There have been attempts to employ a broad interpretation to the defence power. In 1949 the Commonwealth used it to support the introduction of the Snowy Mountains Hydroelectricity Scheme, as, although wartime hostilities had ceased, a secure electricity source was needed should Australia be attacked. The constitutionality of this was never tested, and the point became moot ten years later in 1959, when corresponding State legislation was passed to support it.

To determine whether a law is authorised under Section 51(vi) is a test of proportionality; whether the High Court interprets the law to be adapted and reasonably appropriate for the achievement of a defence purpose.

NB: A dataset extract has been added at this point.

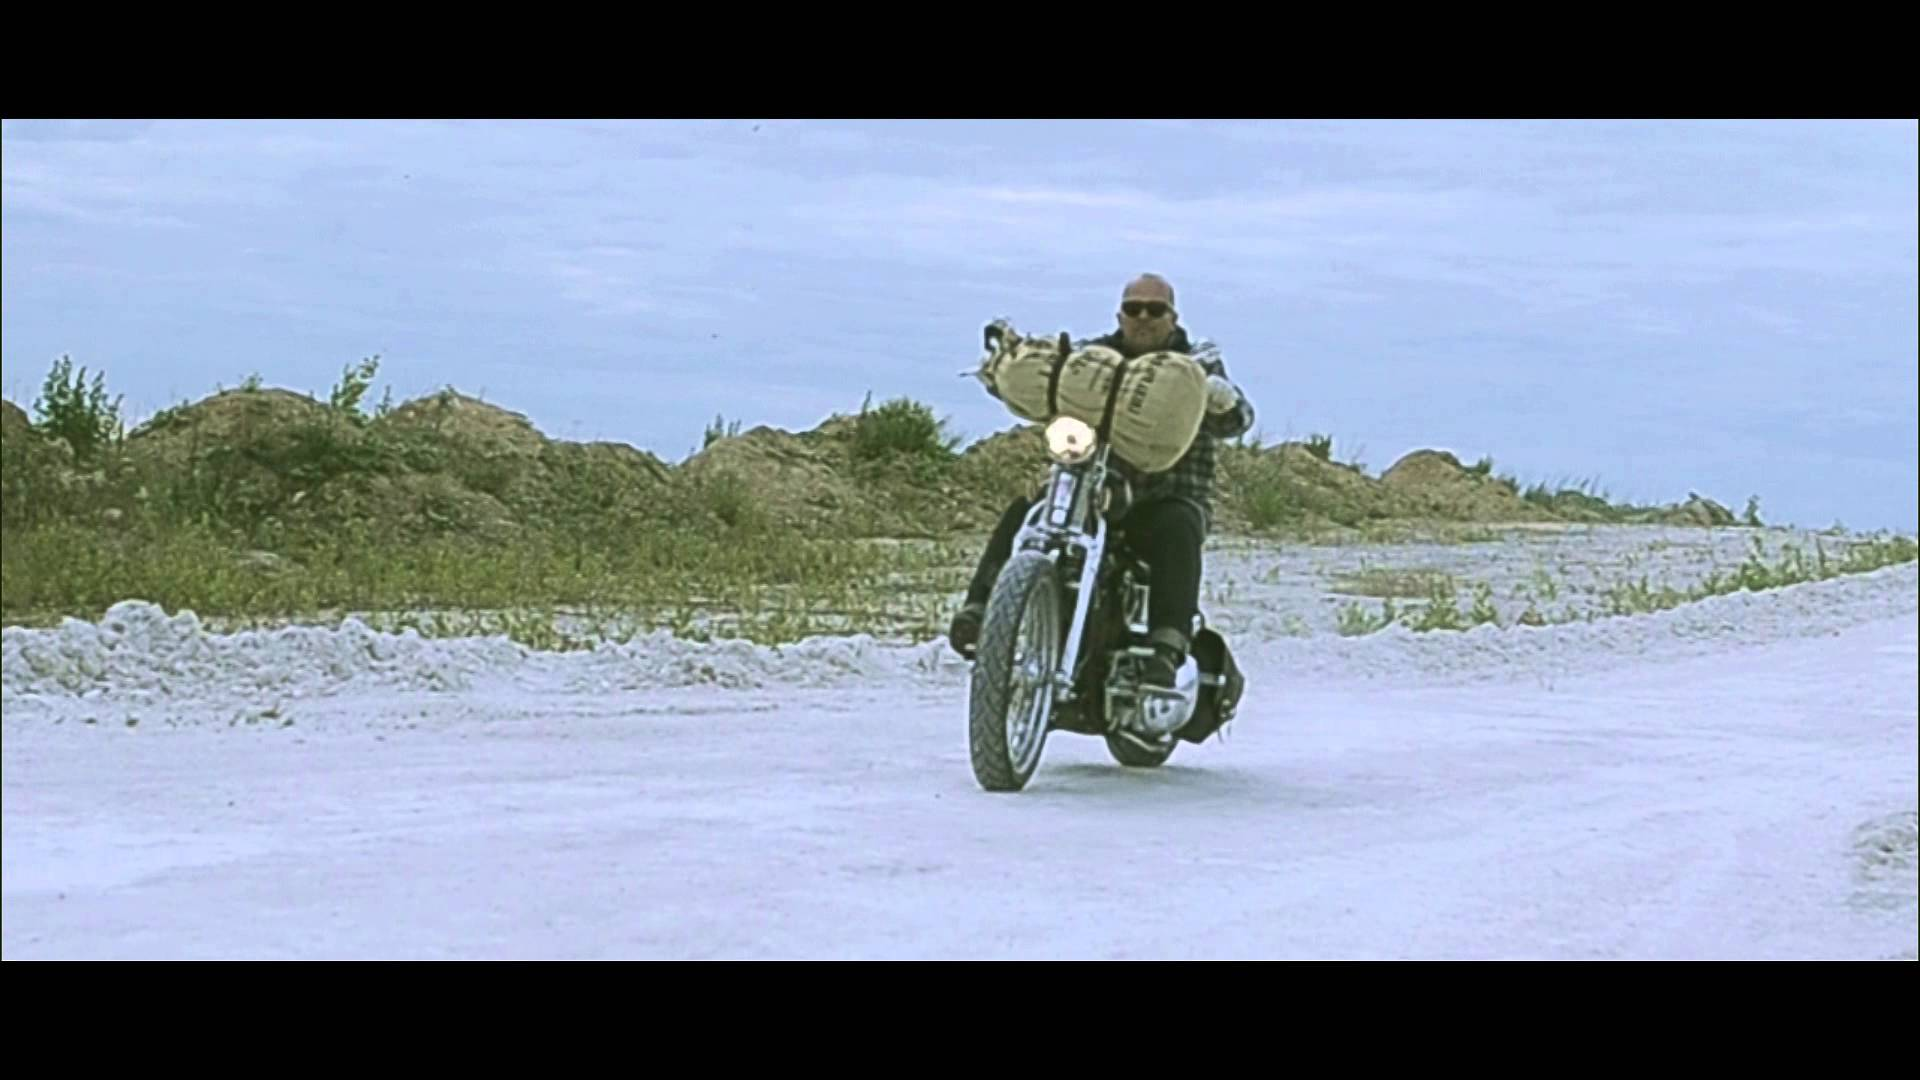 Snail Chopper Run (2015) - trailer

==The control of defence forces==
The second aspect of the defence power is the control of the defence forces. The extent of this aspect has been considered by the High Court in the following cases:

- Private R v Cowan (2020) 283 ALR 1
- Re Tracey; Ex parte Ryan (1989): the defence power enabled the Parliament to enact a scheme of military discipline, including rules for the trial and punishment of offences, lying outside Chapter III;
- Re Nolan; Ex Parte Young (1991): a law to punish defence members and defence civilians for their conduct was a valid exercise of the defence power;
- Re Tyler; Ex parte Foley (1994): if the Constitution required a service tribunal exercising disciplinary powers to be independent, a general court martial constituted under the Defence Force Discipline Act met those requirements;
- Re Aird; Ex parte Alpert (2004): the Defence Force Discipline Act, which permitted a trial by general court martial, was a valid exercise of the defence power;
- White v Director of Military Prosecutions (2007): the administration of military justice under the Discipline Act was not an exercise of the judicial power of the Commonwealth;
- Lane v Morrison (2009): the Australian Military Court was an invalid attempt to exercise the judicial power of the Commonwealth because its members did not enjoy the tenure required by s 72 of the Constitution;
- Haskins v The Commonwealth (2011): the Military Justice (Interim Measures) Act was a valid exercise of the defence power and provided lawful authority justifying the detention of the plaintiff.